The son of August Ochel (1869-1946), foreman in a Bergneustädter textile factory, and Johanna Ochel (1875-1937), born Heinrichs, attended grammar school in Gummersbach and then studied mechanical engineering at the Technical University of Hanover . In 1927 he passed the examination as a qualified engineer. Ochel began his professional career as a designer and test engineer at Flottmann-Werke in Herne . Two years later he moved from the Ruhr area to Berlin and got a job as a senior engineer with specifications for compressor construction at Borsig AG . In 1936 he switched to engineering at the Ehrhardt & Sehmer machine factory based in Saarbrücken . In 1941 he became a member of the board of directors of Orenstein & Koppel AG , which, during the Nazi era, was a subsidiary of Hoesch AG under the company name Maschinenbau und Bahnbedarf AG, or MBA for short. His responsibility there included locomotive, wagon and engine construction as well as the reorganization of the Babelsberg locomotive factory.

During the Second World War , Ochel was involved in the production of armaments and a member of armaments committees. The Reich Ministry of Armaments and Ammunition put him in charge of the entire tank engine production , although he had told Albert Speer in 1943 that he did not have a good relationship with the NSDAP . Although he was not a member of the NSDAP and is said to have complied with the task assigned to him only reluctantly, he was appointed head of the main committee in the Armaments Ministry, was awarded the War Merit Cross with Swords and belonged to the Albert Speer Circle of Friends after the end of the war.

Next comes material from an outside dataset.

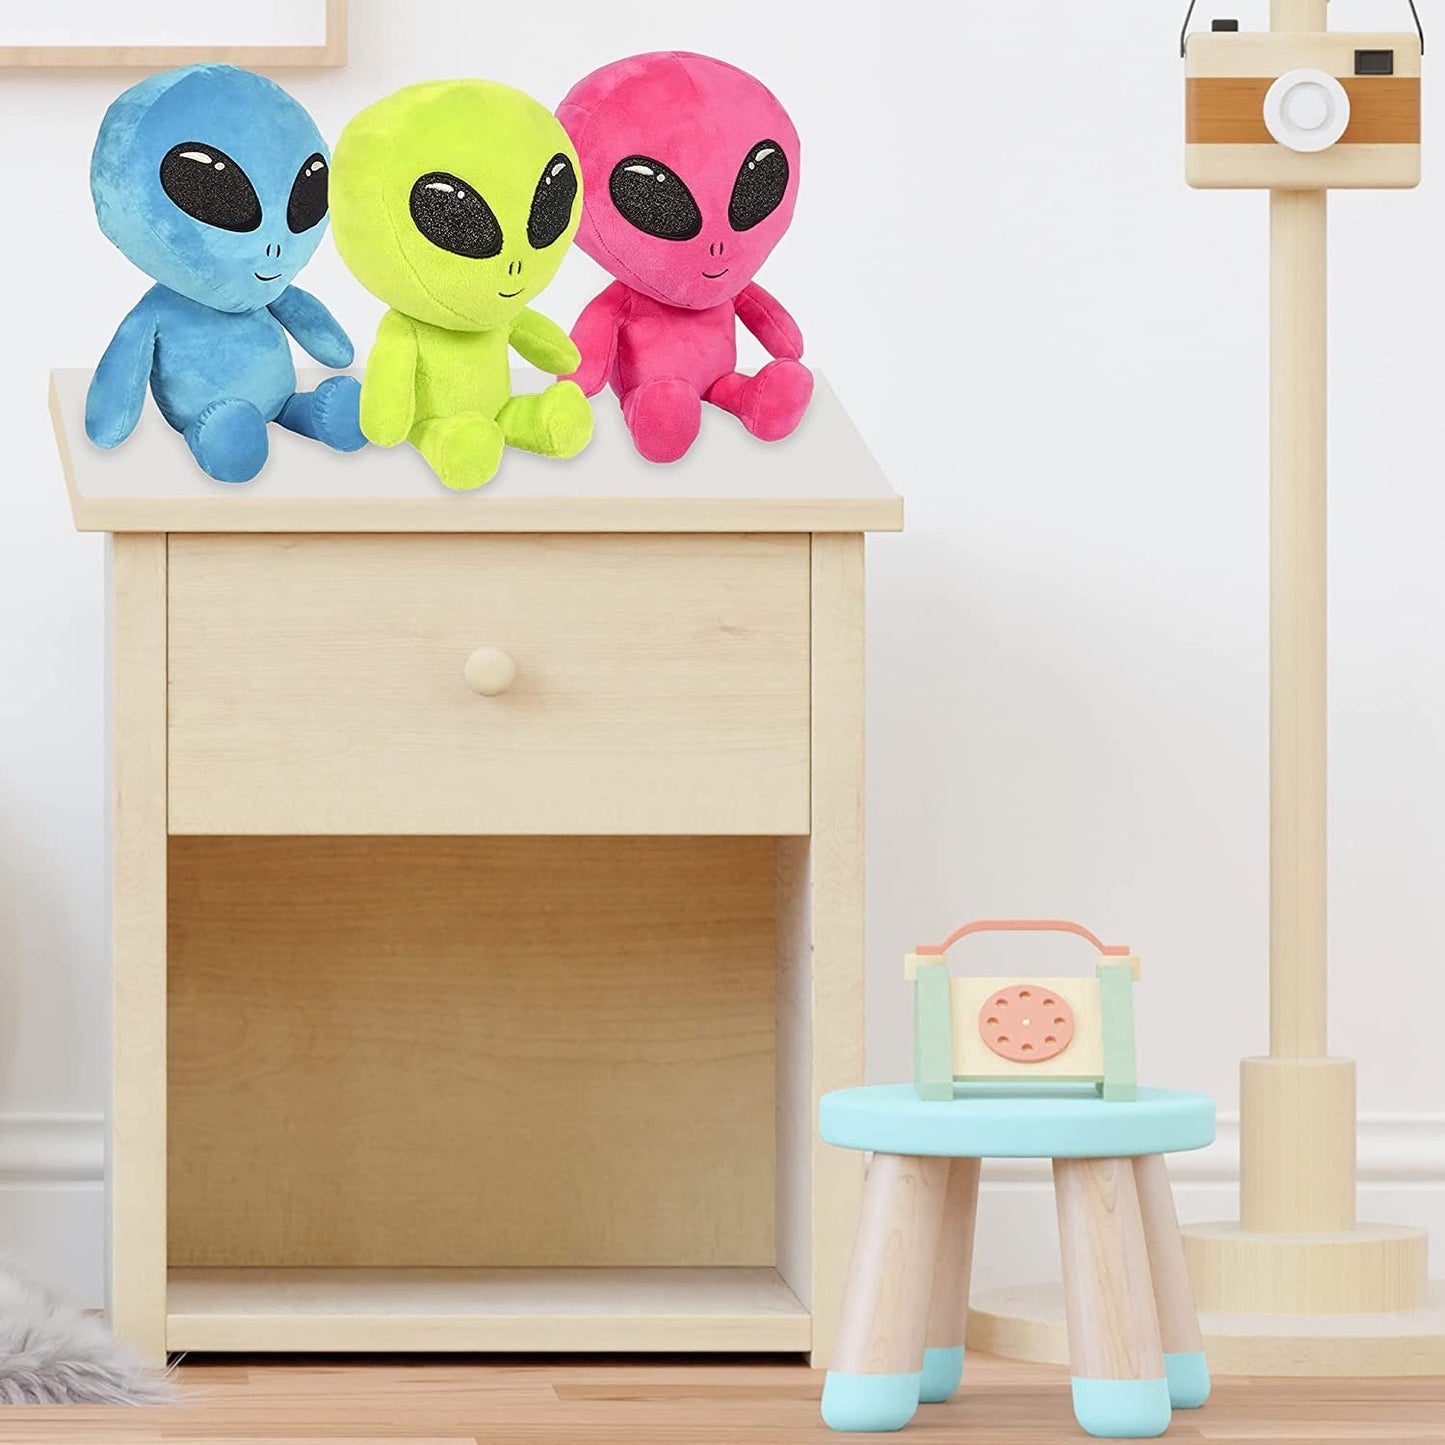 ArtCreativity Plush Alien Stuffed Toys for Kids, Set of 3, Super Soft Stuffed Space Toys in Vibrant Colors, Galaxy Party Decorations, Outer Space Party Favors, Huggable Space Alien Gifts for Kids

In the SBZ , Ochel was appointed main director for all locomotive and wagon construction. He refused to join the SED that was suggested to him, and he also turned down the offer to take on a position as deputy trade minister . Finally, in February 1949, he moved to West Germany , where he took part in the reconstruction of the Hoesch works.

The Hoesch Group was broken up by Allied legislation in 1952 and divided into three corporate groups. Ochel continued his career at what was now Hoesch Werke AG in Dortmund, became a member of the board in 1952 and had been the company's chairman since 1960. While he was on the board, numerous steelworks were rebuilt, renovated and modernized, primarily the largely destroyed main plant “ Westfalenhütte ” in the north-east of Dortmund. In addition, the mechanization and automation of the production processes began. In the course of the structural change, Ochel proposed a reorganization in the mid-1960s that provided for the nationalization of the mining operations attached to the steelworks. The project, known as the “Ochel Plan”, encountered resistance from the mining authorities and could not be implemented as a result. 1966 Ochel led together with Fritz Harders , CEO of Dortmund-Horder hut Union AG , the merger by the hut Union with Hoesch. In 1968 he moved from the executive board to the head of the supervisory board. Ochel was opposed to the further planned merger with the Dutch mining company Koninklijke Hoogovens to form the Estel group, which was carried out in 1972, whereupon he resigned his mandate as chairman of the supervisory board prematurely in 1970.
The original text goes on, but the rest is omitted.